We are very much an “always online” crowd here, but our early childhoods came before the omnipresent smartphone age, so our parents mostly had to pry us away from the TV, not the iPhone. Today, it’s different: a new survey reported that 57% of 12-year-olds have their own smartphone, and a more surprising 8% of the under-5 set is getting one, too. And the old rules about no screen time or phones for those under 2 seem to largely be going out the window as well. 

US stocks nosedived last week after President Trump posted that he was considering a “massive increase” to tariffs on Chinese imports. We’ll get into that more in our main story below. For the second day in a row, consumer staples was the only sector ETF to finish in the green on Friday.

🧠 Test your knowledge on last week’s newsletters with our Snacks Seven Quiz. Here’s the first question:

The S&P 500 has its worst day since April

Late Friday morning, US President Donald Trump said in a Truth Social post that he was considering a “massive increase” to tariffs on Chinese imports, and what had been a relatively calm trading day turned into a rough sea of red that ended with the S&P 500 having its worst day since April.

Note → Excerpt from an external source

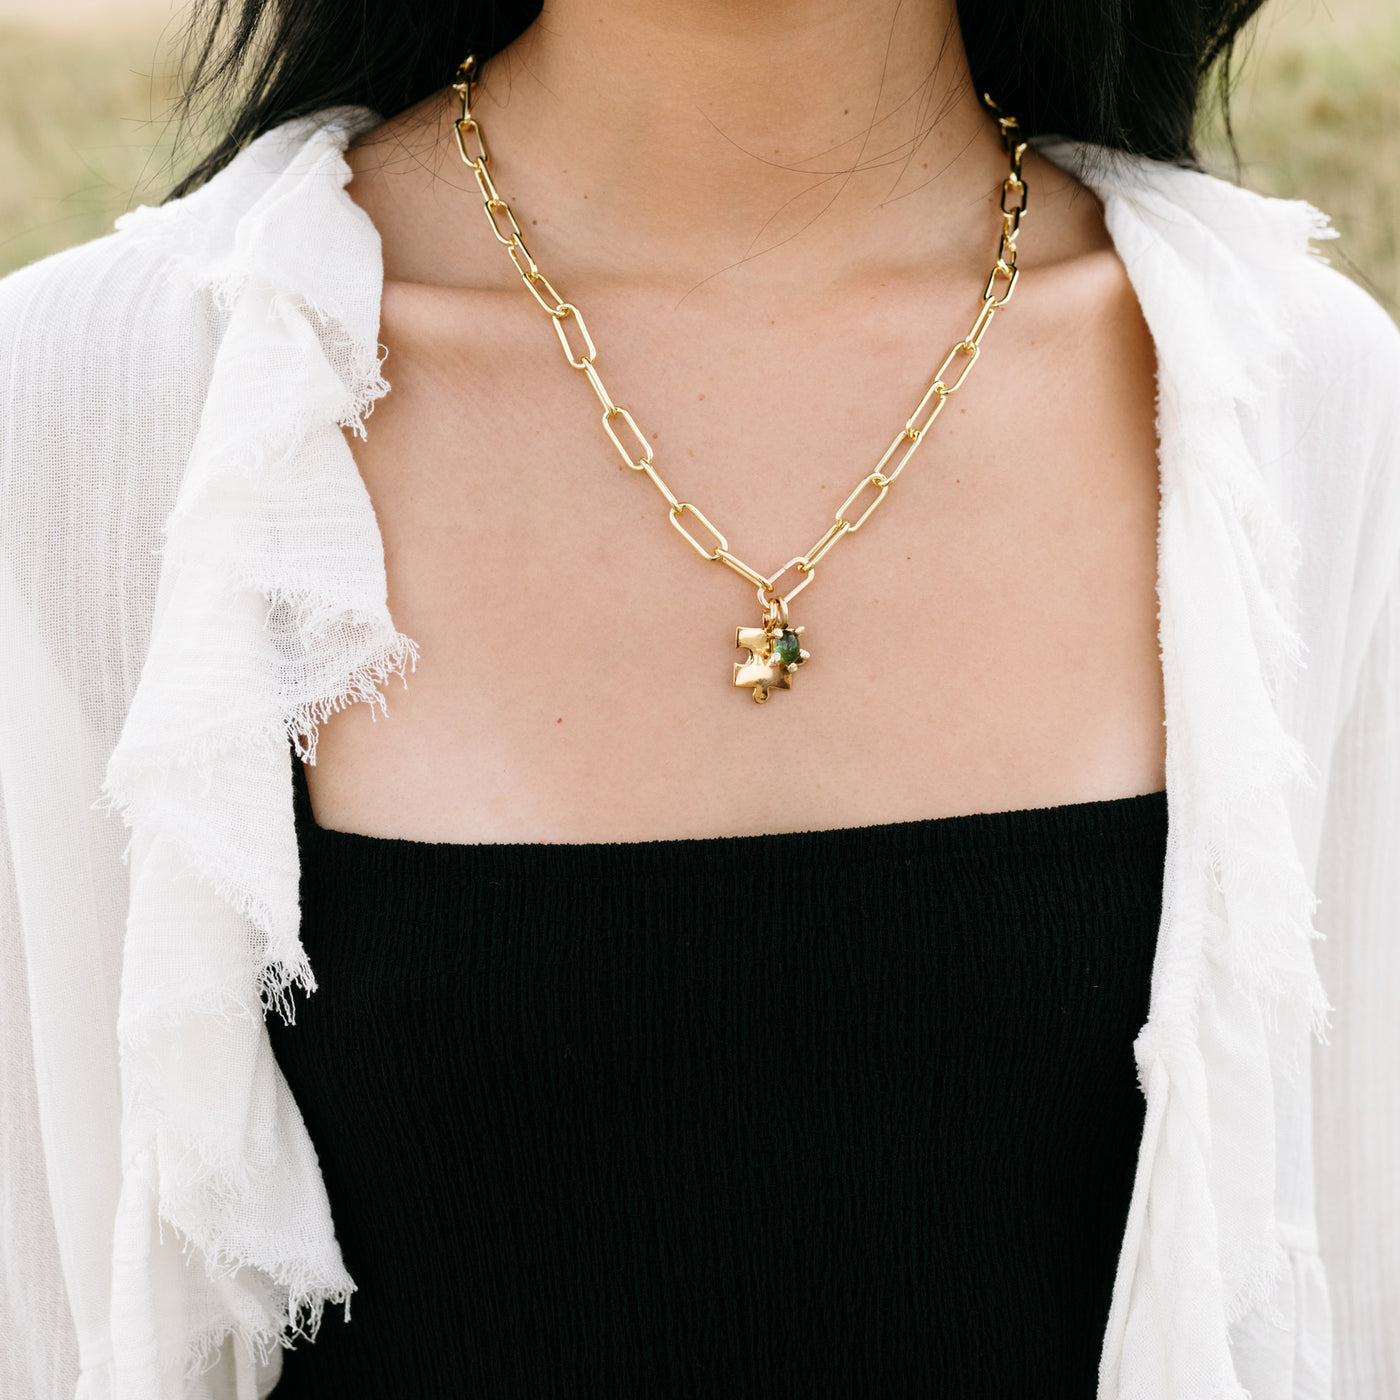 Puzzle piece necklace gold fill
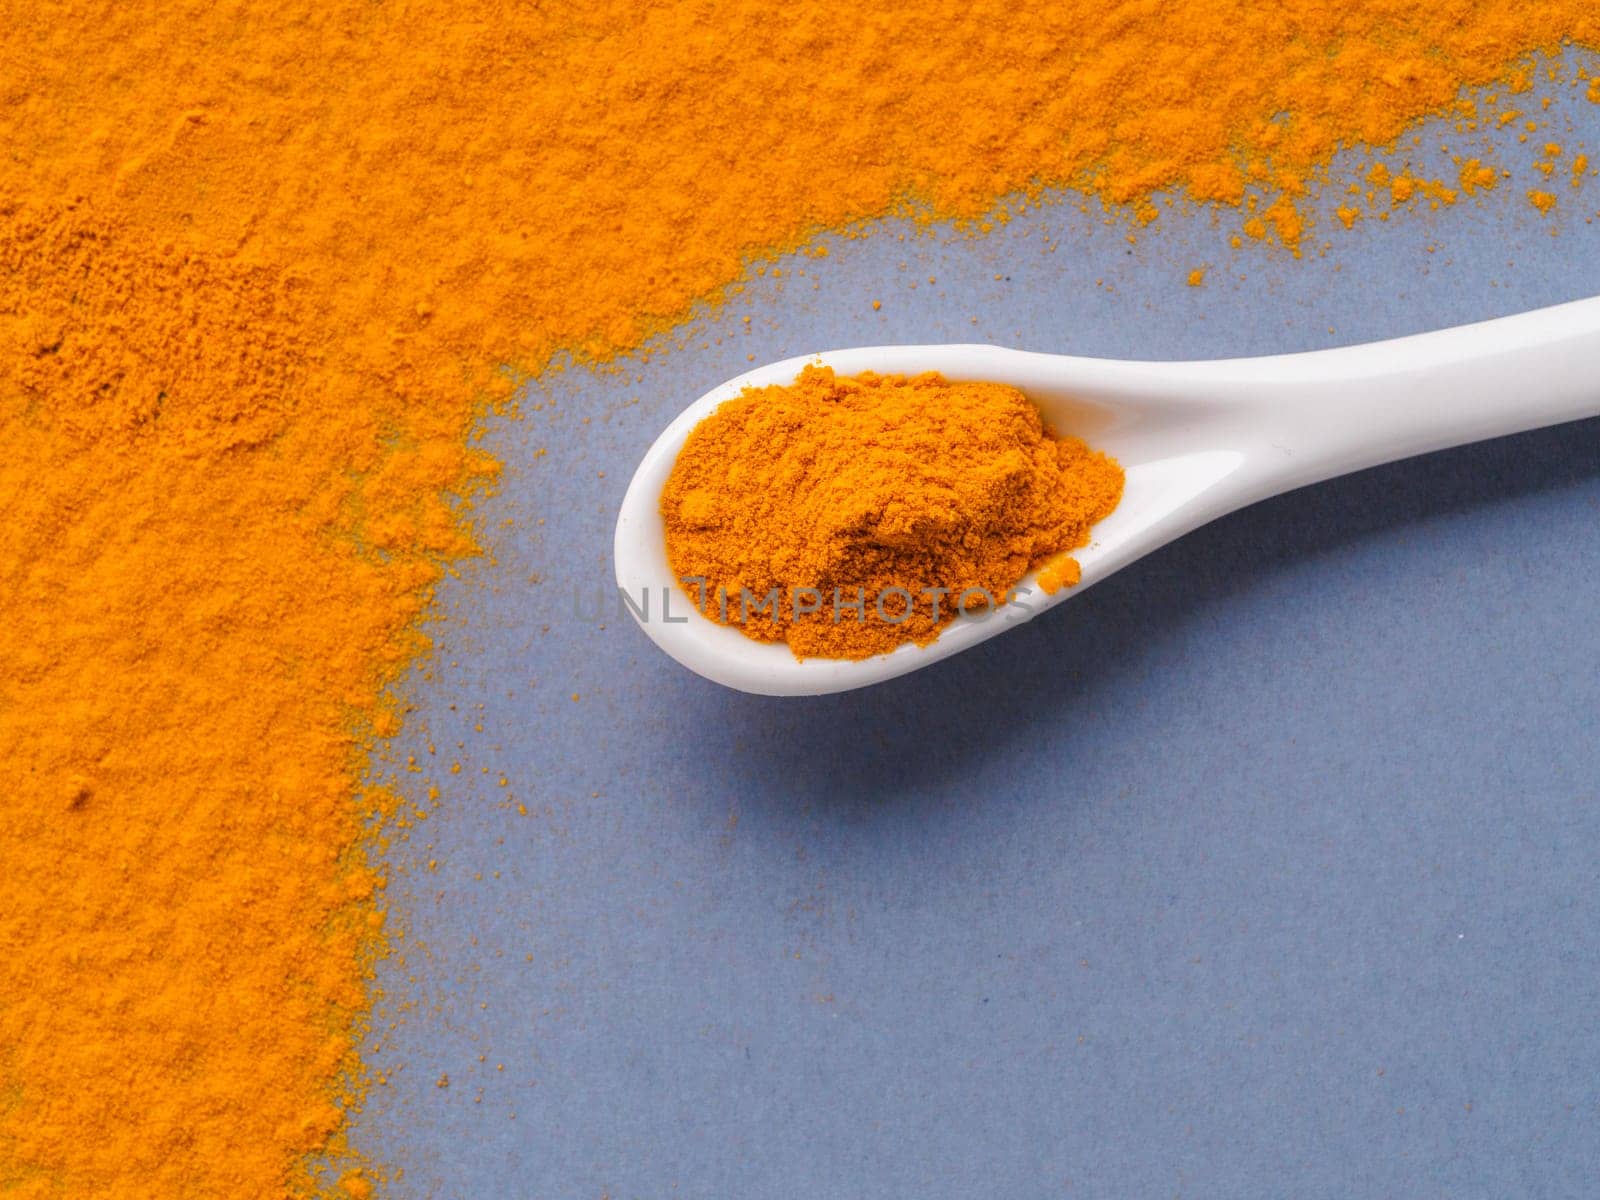 Turmeric Powder or Curcuma longa and white spoon with turmeric powder on gray background. Top view. Copy space for text.

Trump said he’s mulling higher levies as well as “many other countermeasures” because of “the hostile ‘order’ that they have just put out” restricting the export of rare earth metals. He also seemingly canceled his upcoming meeting with Chinese President Xi Jinping in South Korea, saying, “Now there seems to be no reason to do so.”

China-exposed stocks immediately took a sharp turn downward, including:

  • Wafer fab equipment stocks Lam Research, Applied Materials, and KLA Corp, which all count China as their top market. iPhone seller Apple was also affected, as it counts China as a major market and part of its supply chain

  • Chip stocks AMD, Intel, Broadcom, and Nvidia were also hit on the news, as rare earths are needed components for semiconductor production, which is a strategically important industry and seemingly at high risk of being adversely impacted by any US retaliation on China.

  • Major automakers with large footprints in China sank, including Chinese EV titans like BYD, Nio, and XPeng, along with Stellantis, which heavily relies on revenue from sales in China. EV makers Tesla, Rivian, and Lucid also turned red, as they all source raw materials and/or batteries from China.

The big winners of the news? Rare earth stocks. MP Materials — which the US government recently took a stake in USA Rare Earth, and Critical Metals all jumped following Trump’s post, as investors bet that the administration could play a bigger role in ensuring US access to the resource. 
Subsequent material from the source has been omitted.